-- Exercise prompt --
Word for word, copy the lines from the one with "Blairco Heating & Air Conditioning" to the last line of the data below, counting both, and keep every picture out.

[[ Dataset excerpt open ]]

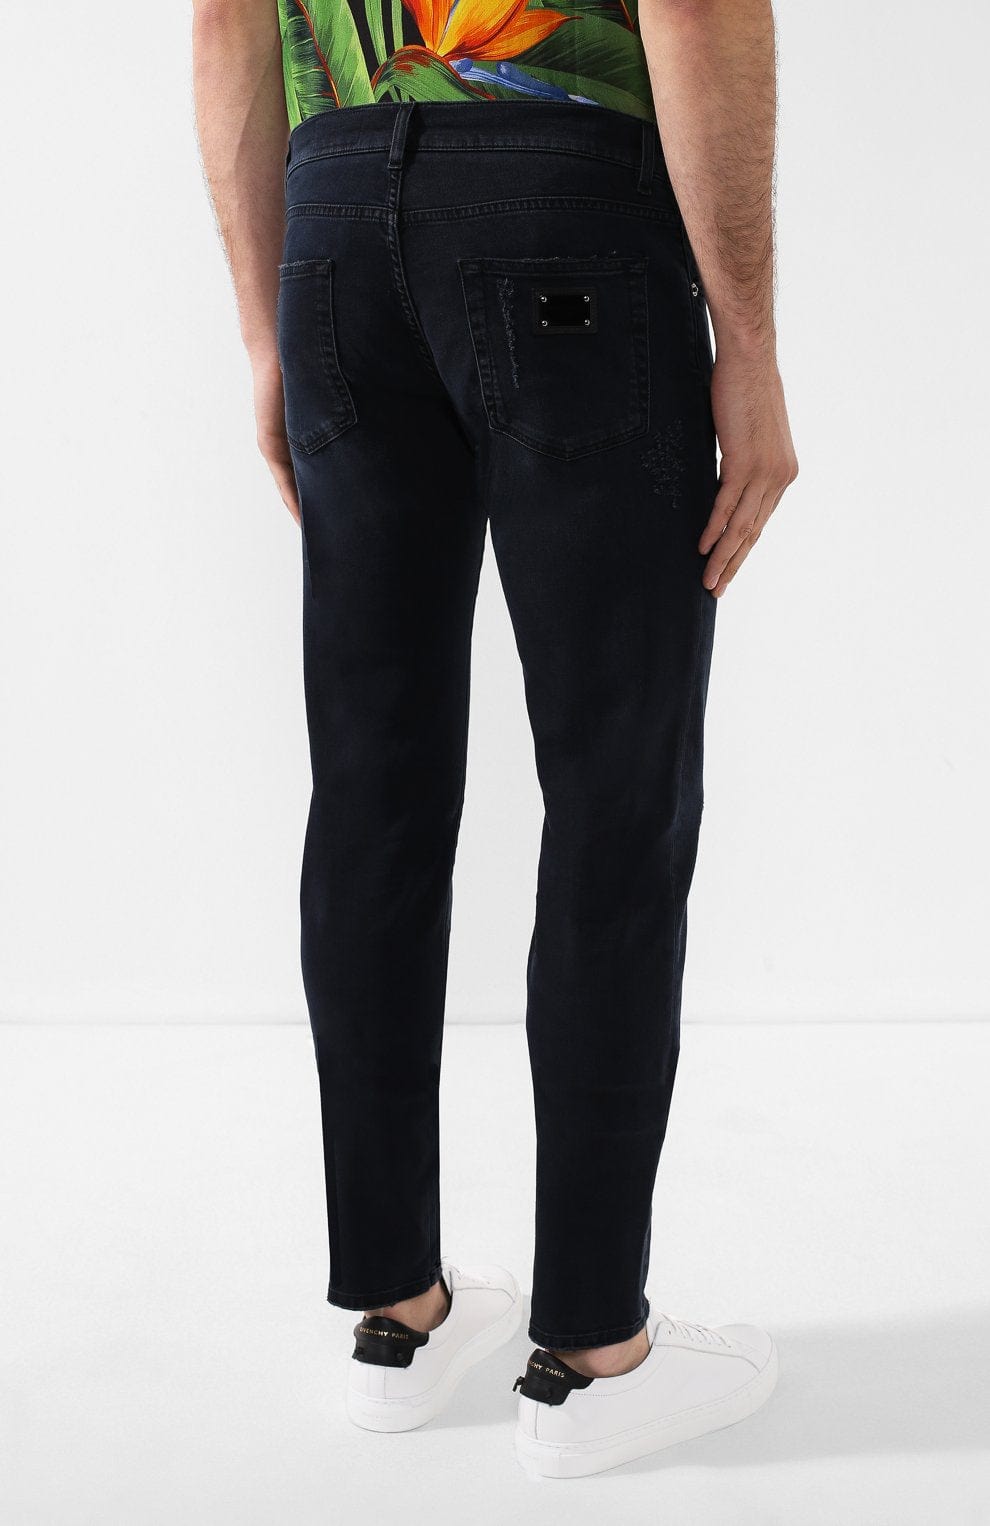 Dolce & Gabbana Skinny Stretch Cotton Jeans
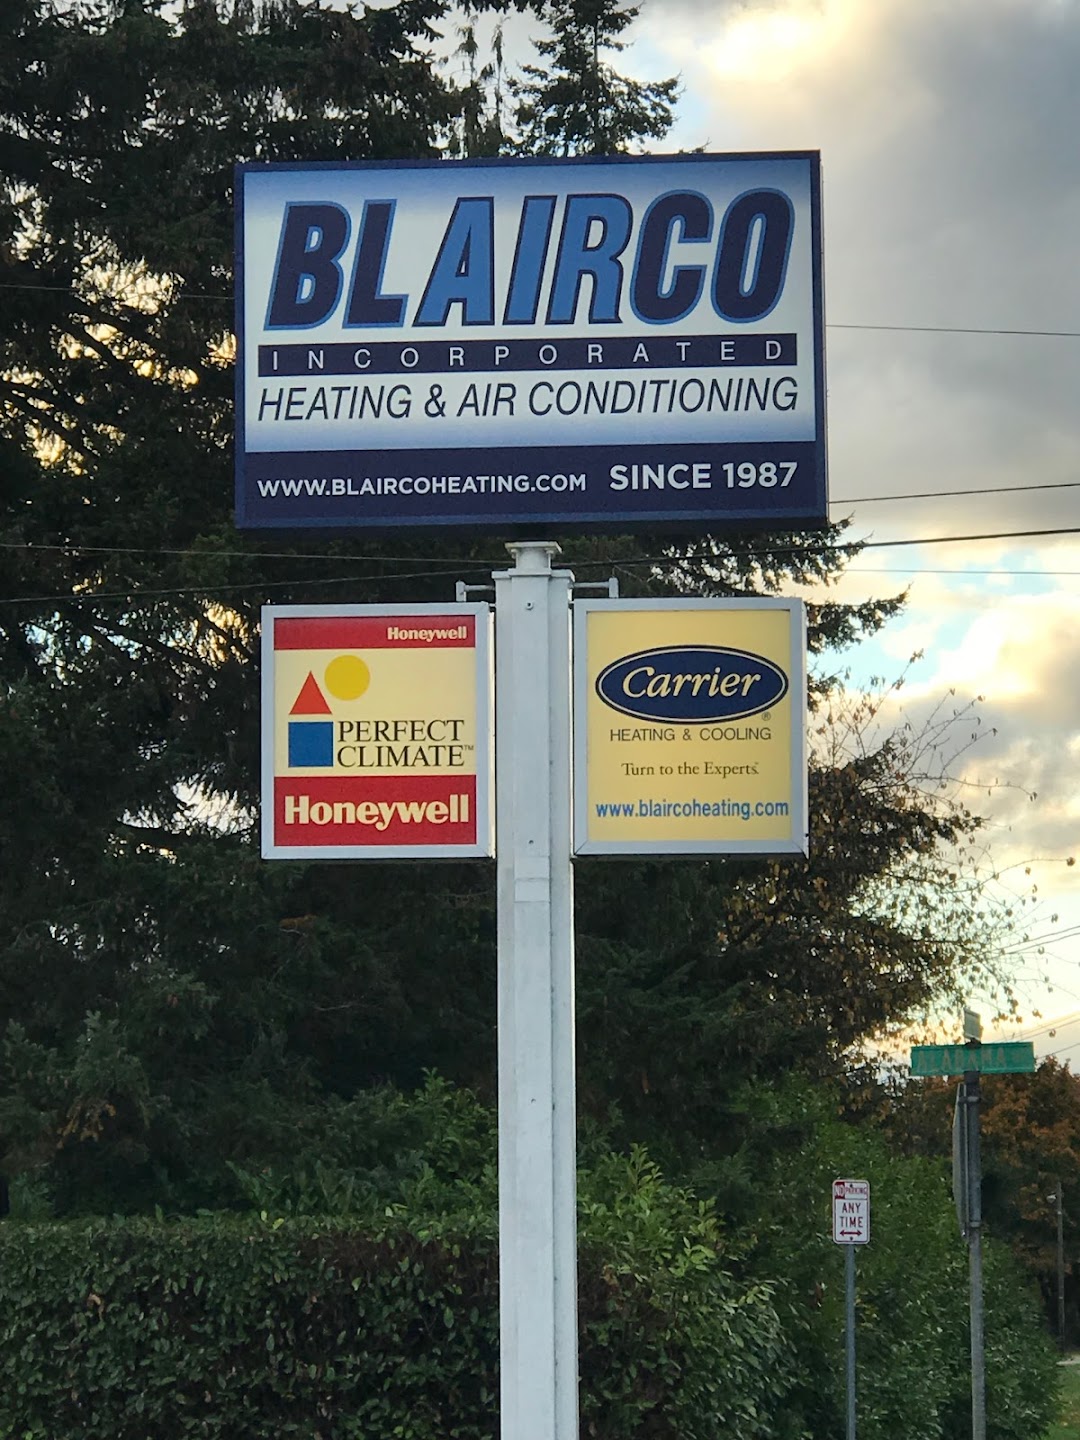 Blairco Heating & Air Conditioning
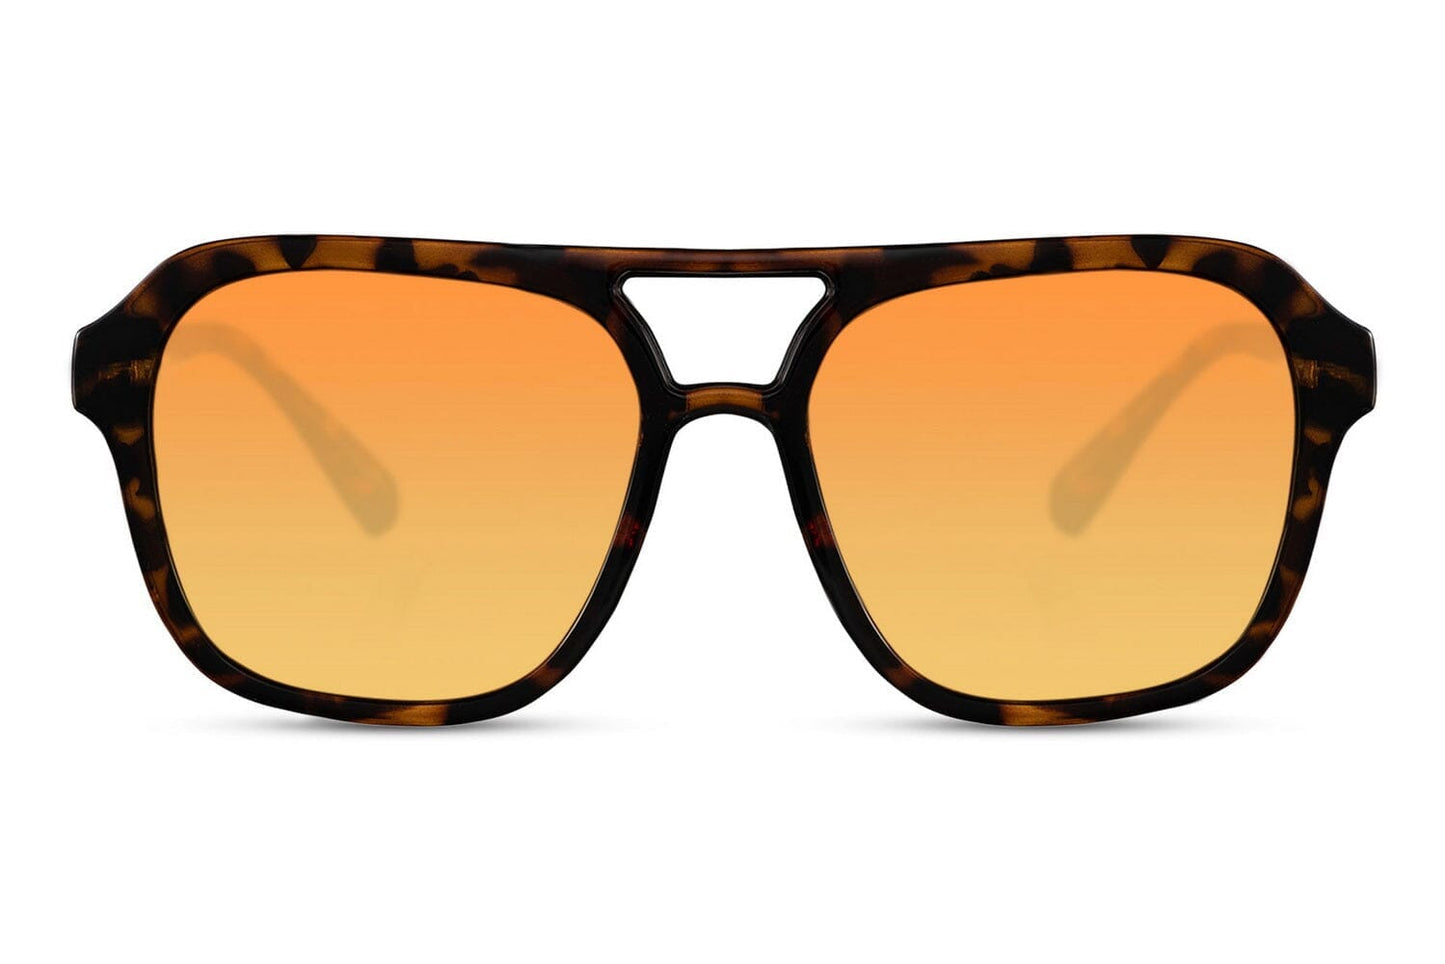 70's style aviator sunglasses. !00% UV protected. Orange lenses. Retro style.

[[ Dataset excerpt closed ]]

-- Output --
 Blairco Heating & Air Conditioning
 70's style aviator sunglasses. !00% UV protected. Orange lenses. Retro style.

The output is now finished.